MANUFACTURING
2017 Newsmaker: Ilse Metchek, California Fashion Association
Looking for apparel industry statistics? Call Ilse. Business intelligence? Call Ilse. Advice about the impact of upcoming legislation on apparel manufacturing or trends in domestic versus offshore production? Call Ilse.
Ilse Metchek, the president of the California Fashion Association, has an encyclopedic knowledge of apparel- manufacturing practices and a vast contact list that includes everyone from apparel makers, finance executives and attorneys to textile resources, customs brokers and international trade organizations. If she can’t answer your question, no doubt she knows someone who can.
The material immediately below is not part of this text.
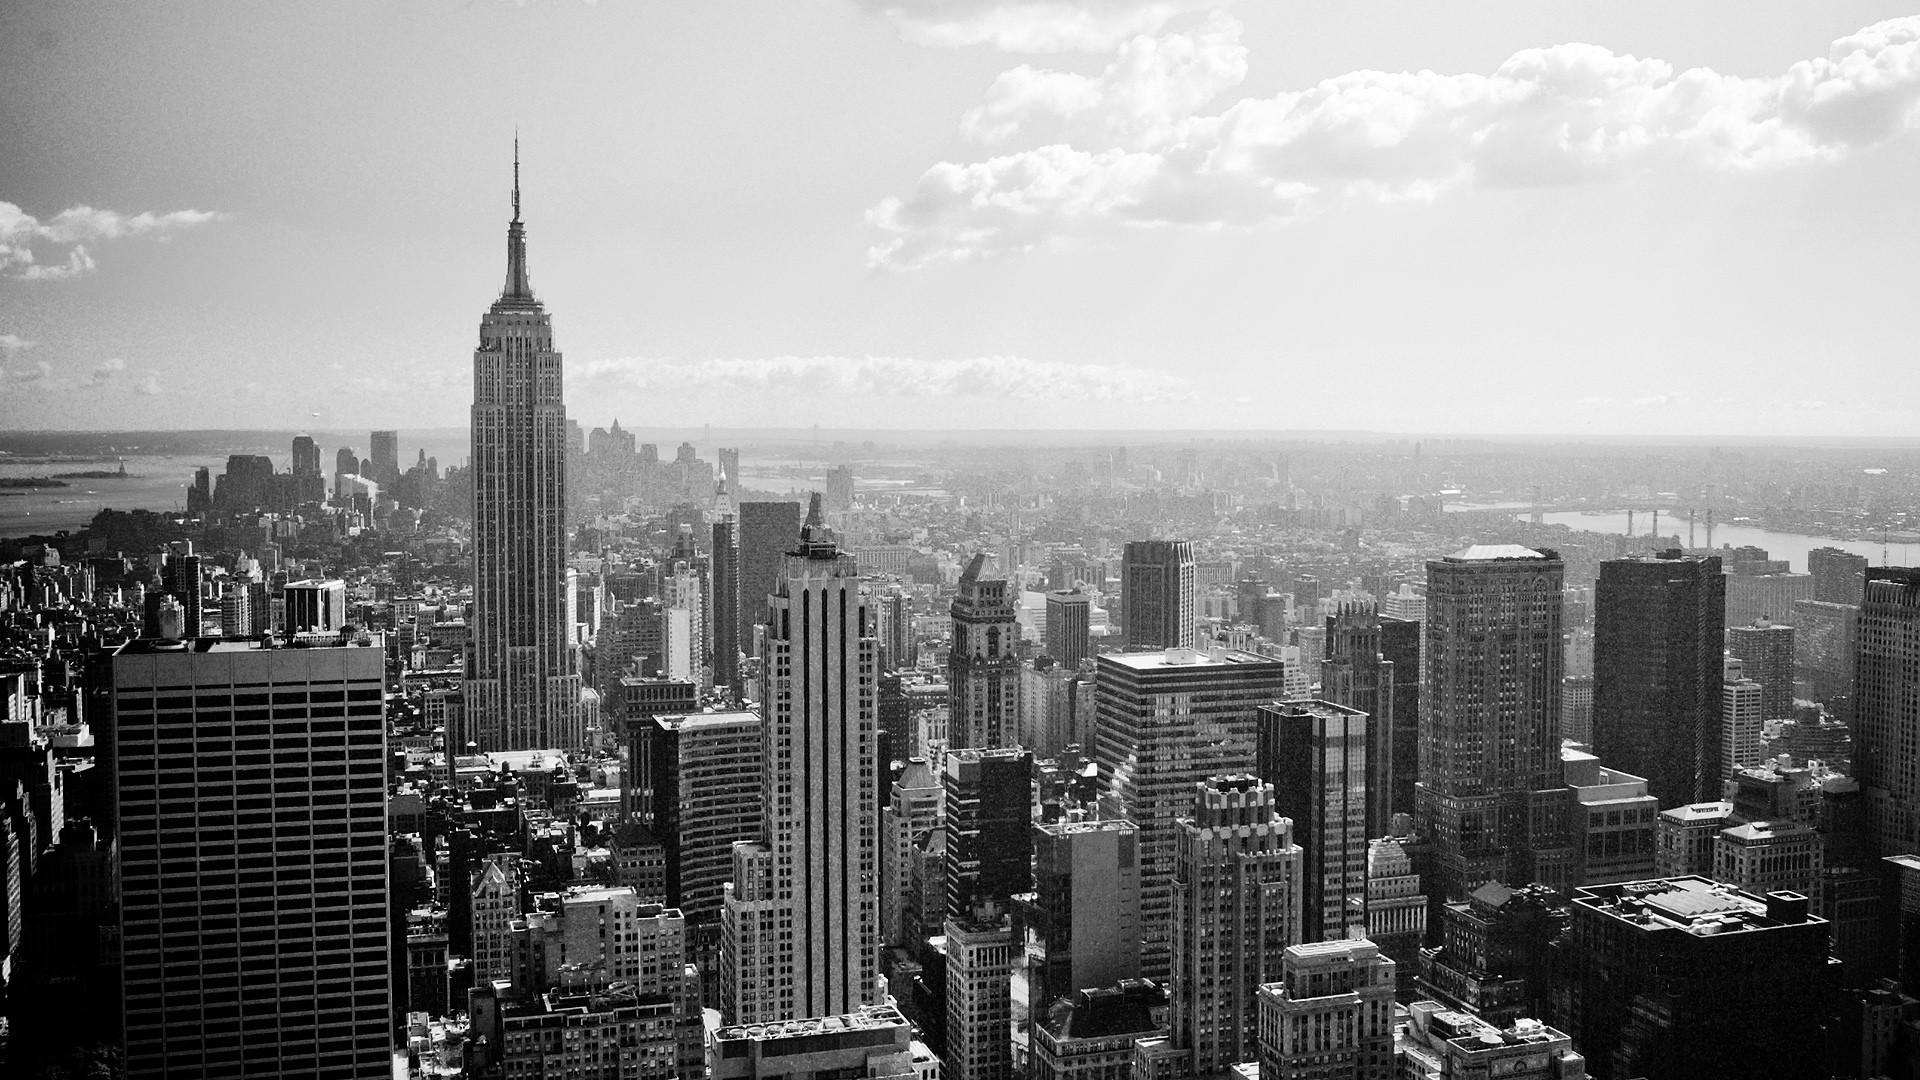 New York 1080p Wallpaper 1920x1080

The insider’s insider, Metchek has been with CFA since it was founded in 1995, after a career spent as a designer, a manufacturer and executive director of leasing at the California Market Center (then called the CalMart). When she’s not keeping CFA members informed about key industry issues or helping to promote their projects, Metchek organizes and presides over business seminars on topics such as intellectual-property issues, financing and export opportunities, fashion technology, and consumer-behavior trends.
This year, Metchek presented B2B seminars on the state of the industry at the Las Vegas trade shows, the LA Textile Show, the Fashion Industry Human Resources Association, the YMA Scholarship Fund’s “Hearst Summer Institute” in New York and to several international trade delegations looking to break into the U.S. apparel market.
She is an informational resource for press, lawmakers and educators looking for insight into the apparel industry on hot-topic issues such as California’s strict made-in-the-USA labeling requirements or recent court decisions that are poised to affect how the apparel industry conducts business.
There’s also a philanthropic side to CFA, through its sister organization, the California Fashion Foundation, which supports a number of causes as well as hosts an annual scholarship luncheon and an annual Christmas party for neighborhood children.